Bham v Wilson
2005 NY Slip Op 25495 [10 Misc 3d 72]
Accepted for Miscellaneous Reports Publication
AT2
Published by New York State Law Reporting Bureau pursuant to Judiciary Law § 431.
As corrected through Wednesday, February 08, 2006


[*1]
Sehar Bham, Respondent,
v
Derek Wilson et al., Appellants.

Supreme Court, Appellate Term, Second Department, November 4, 2005

APPEARANCES OF COUNSEL

Nassau/Suffolk Law Services Committee, Inc., Islandia (Victor J. Ambrose of counsel), for appellant.

{**10 Misc 3d at 73} OPINION OF THE COURT

Memorandum.

Final judgment unanimously reversed without costs and petition dismissed without prejudice to landlord commencing a plenary action.

In this nonpayment proceeding, the petition alleges the existence of an agreement to pay rent as well as a personal demand upon tenants for payment thereof. Whether said demand was in writing or oral is not indicated in the petition. If a written [*2]three-day notice was served, the petition is silent as to the manner of its service, and no copy of the notice or an affidavit of its service was attached to the petition. Tenants' oral answer contains a denial that a demand for rent was made by landlord. At trial, landlord never established by admissible evidence that a three-day notice was served upon tenants or that an oral demand was made. At the conclusion of the trial, tenants moved to dismiss the petition on said ground. Thereupon, the court below took judicial notice of the affidavit of service of the rent notice and of the notice presented by landlord's attorney without taking testimony of any witnesses with respect thereto and without affording tenants an opportunity to challenge said proof.

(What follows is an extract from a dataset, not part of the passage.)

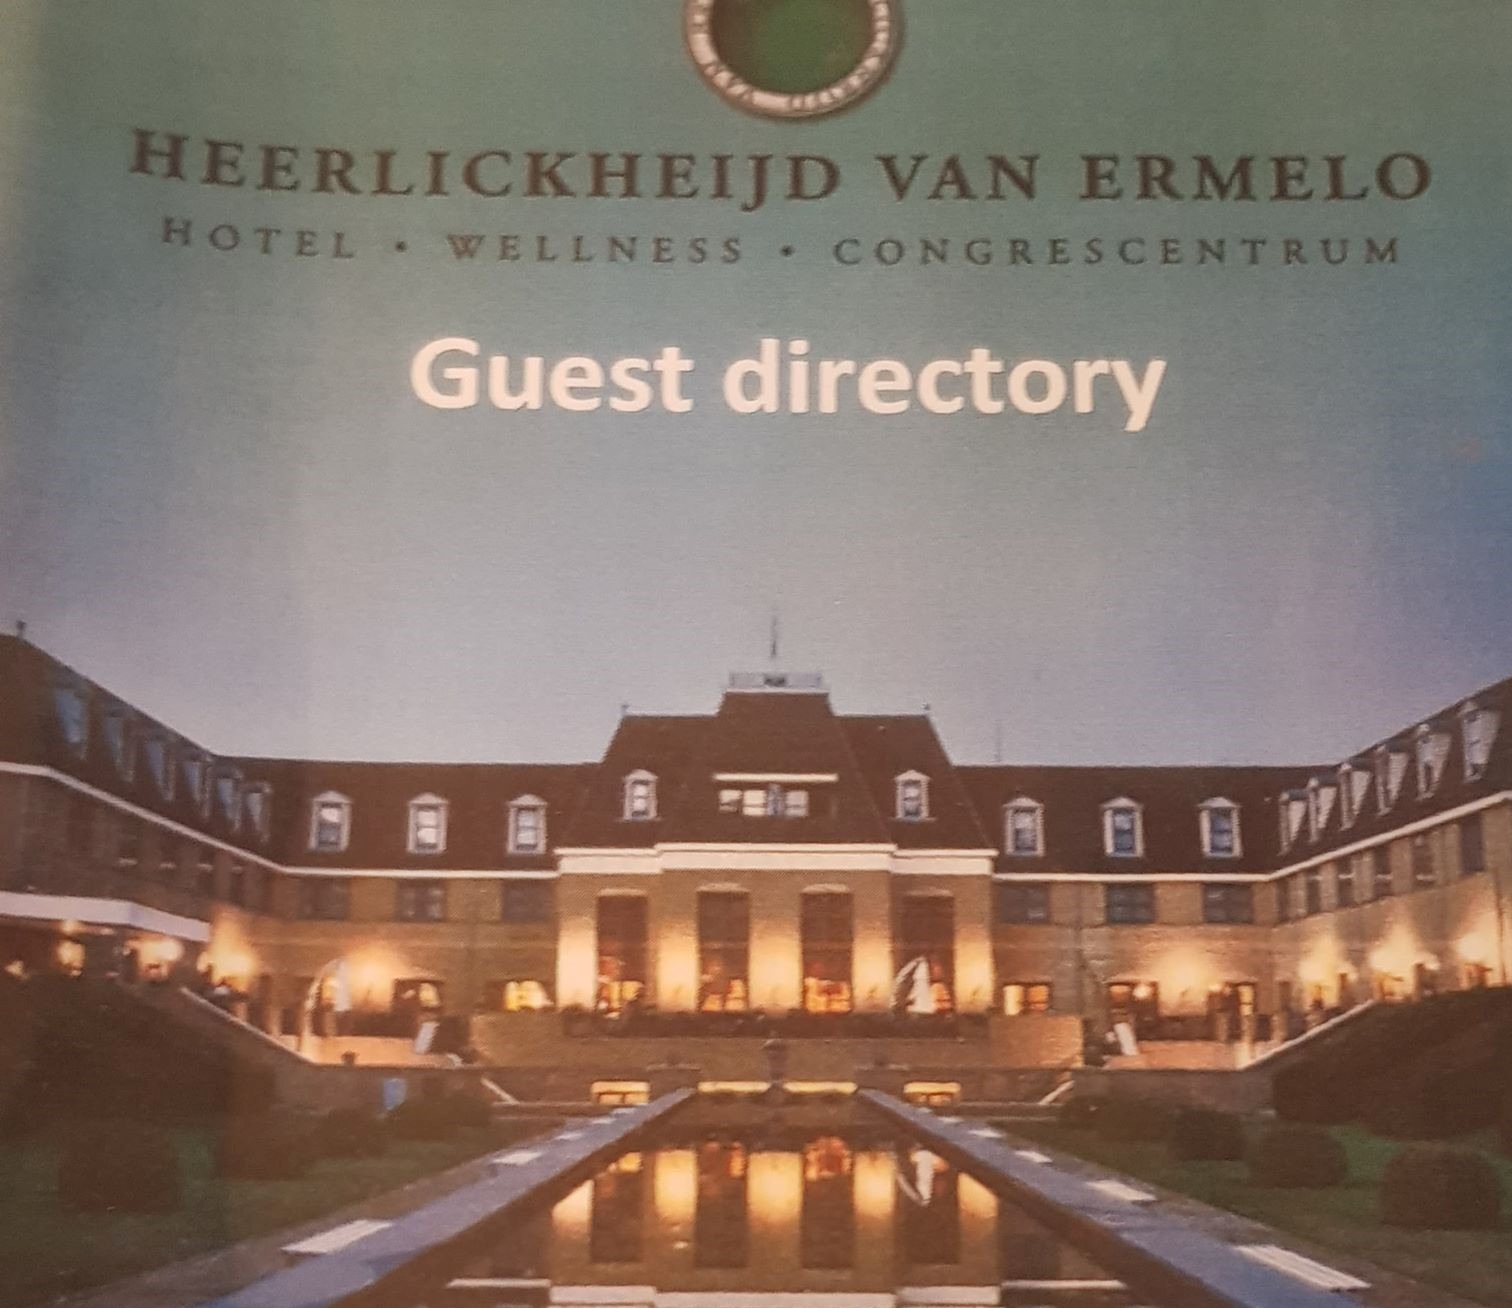 Birthday weekend in hotel “De Heerlickheijd” Ermelo, the Netherlands.

It was improper for the court to rely on the rent notice and affidavit of its service submitted after the conclusion of the trial. Ordinarily, an affidavit of service of such notice constitutes adequate proof of service of the notice, and service of the notice cannot be challenged where the tenant appears generally and fails to raise lack of service in the answer (Sears v Okin, 6 Misc 3d 127[A], 2004 NY Slip Op 51691[U] [App Term, 9th & 10th Jud Dists 2004]; see 201-221 Realty v Headley, 2003 NY Slip Op 50979[U] [App Term, 2d & 11th Jud Dists 2003]). However, once service is put in issue by the answer of the tenant, as here, the landlord cannot rely upon a notice and affidavit of service of said notice to defeat the posttrial motion to dismiss the petition (2 Dolan, Rasch's Landlord and Tenant—Summary Proceedings § 32:15, at 501 [4th ed]). Rather, landlord must establish service thereof by{**10 Misc 3d at 74} testimony of the individual who made the service (see id.). It is noted that there is no proof establishing that the individual who allegedly made such service was unavailable to testify at trial by reason of death, mental illness or unamenability to subpoena (see CPLR 4531).

Since tenants are no longer in possession of the premises, the petition is dismissed without prejudice to landlord commencing a plenary action.

Rudolph, P.J., Angiolillo and McCabe, JJ., concur.